This is an attempt to describe, at a very basic level, what sequences of events occur when a FreeBSD host sends and receives network packets. This document is based mostly on reading the source code and referencing the book, "Design and Implementation of the 4.4 BSD Operating System". This document is bound to contain errors for which I apologise in advance!
The FreeBSD base system source code is in the directory /usr/src on a FreeBSD box. The kernel is in the directory /usr/src/sys. All paths in this document are relative to the kernel source directory.
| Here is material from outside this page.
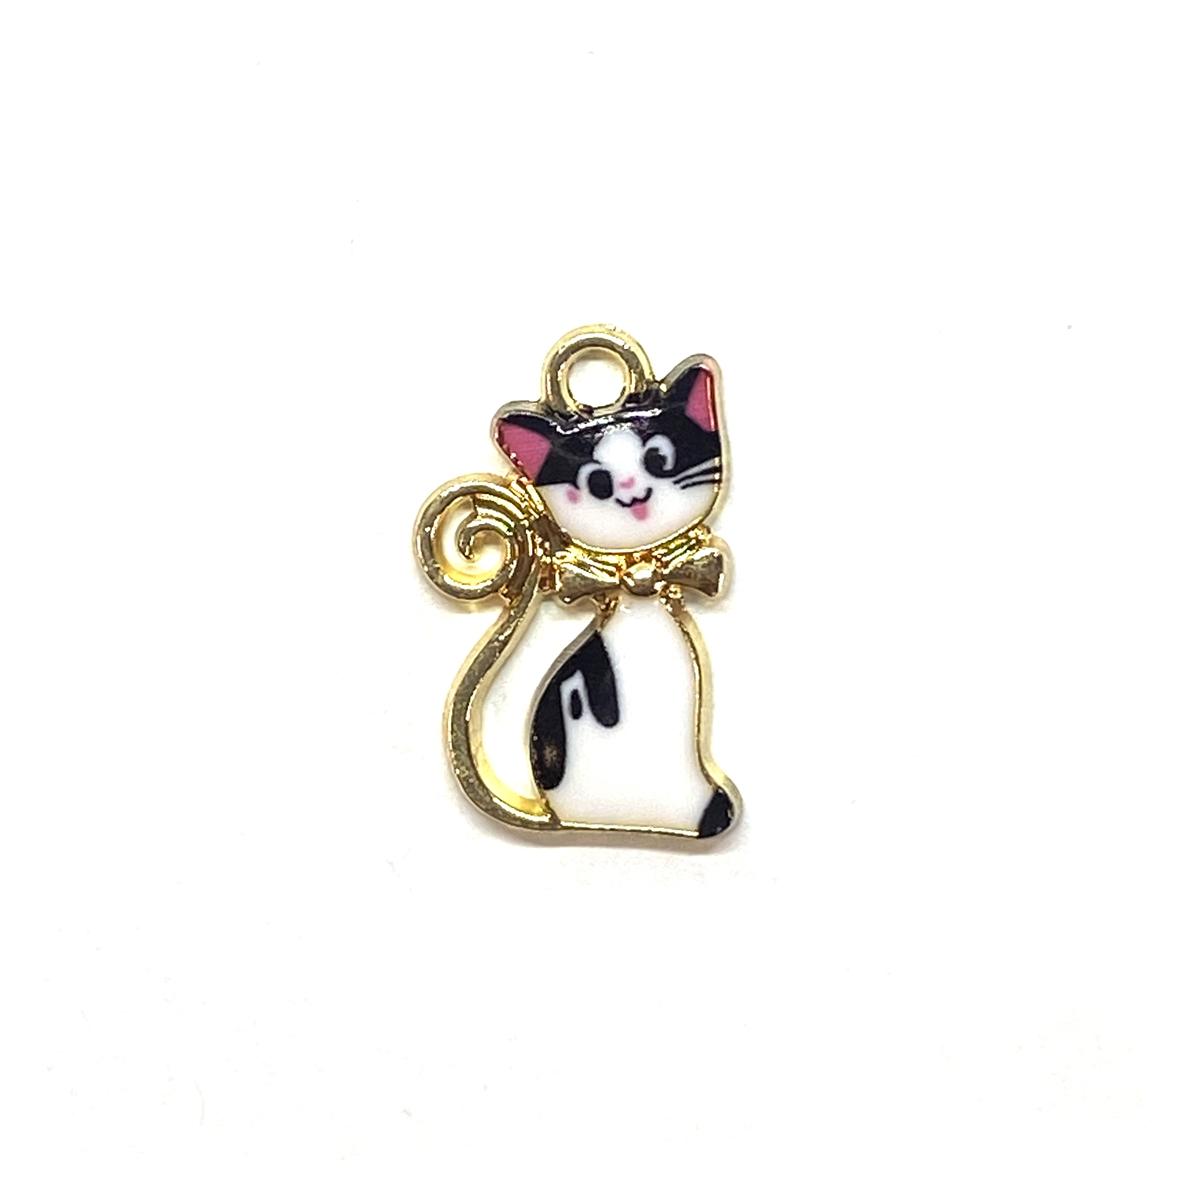 2 Gold Plated Enamel Cat Pendant Charms 13mm Black /& White

The kernel source tree has a number of sub-directories. Important ones are:
| Directory | Contains |
| sys/ | Lots of system header files (which get installed to /usr/include/sys and form the basis of the kernel<->user interface |
| net/ | Code for network device types (e.g. ethernet, atm, ppp etc) |
| dev/ | Device drivers (e.g. for RAID support) |
| pci/ | PCI Device drivers (e.g. most network cards) |
| netinet/ | Code for the Internet Protocols |
| kern/ | Low-level kernel stuff (memory, syscalls etc) |
Useful links:
The ethernet hardware will receive a frame, check it's CRC and place it in memory somewhere. The driver will notice either when it polls the device status some time later of when notified via interrupt.
For example, consider the RealTek 8129/8139 driver in pci/if_rl.c:
...
rl_rxeof(sc)
struct rl_softc *sc;
{
struct mbuf *m;
struct ifnet *ifp;
...
ifp->if_ipackets++;
(*ifp->if_input)(ifp, m);
return;
}
The struct mbuf is the entity which holds the data received from the network. mbufs are fixed size chunks (fixed size to help prevent memory fragmentation) and can be easily chained together to represent larger pieces of data. There are a number of programmatic idioms for managing mbufs which will be described later.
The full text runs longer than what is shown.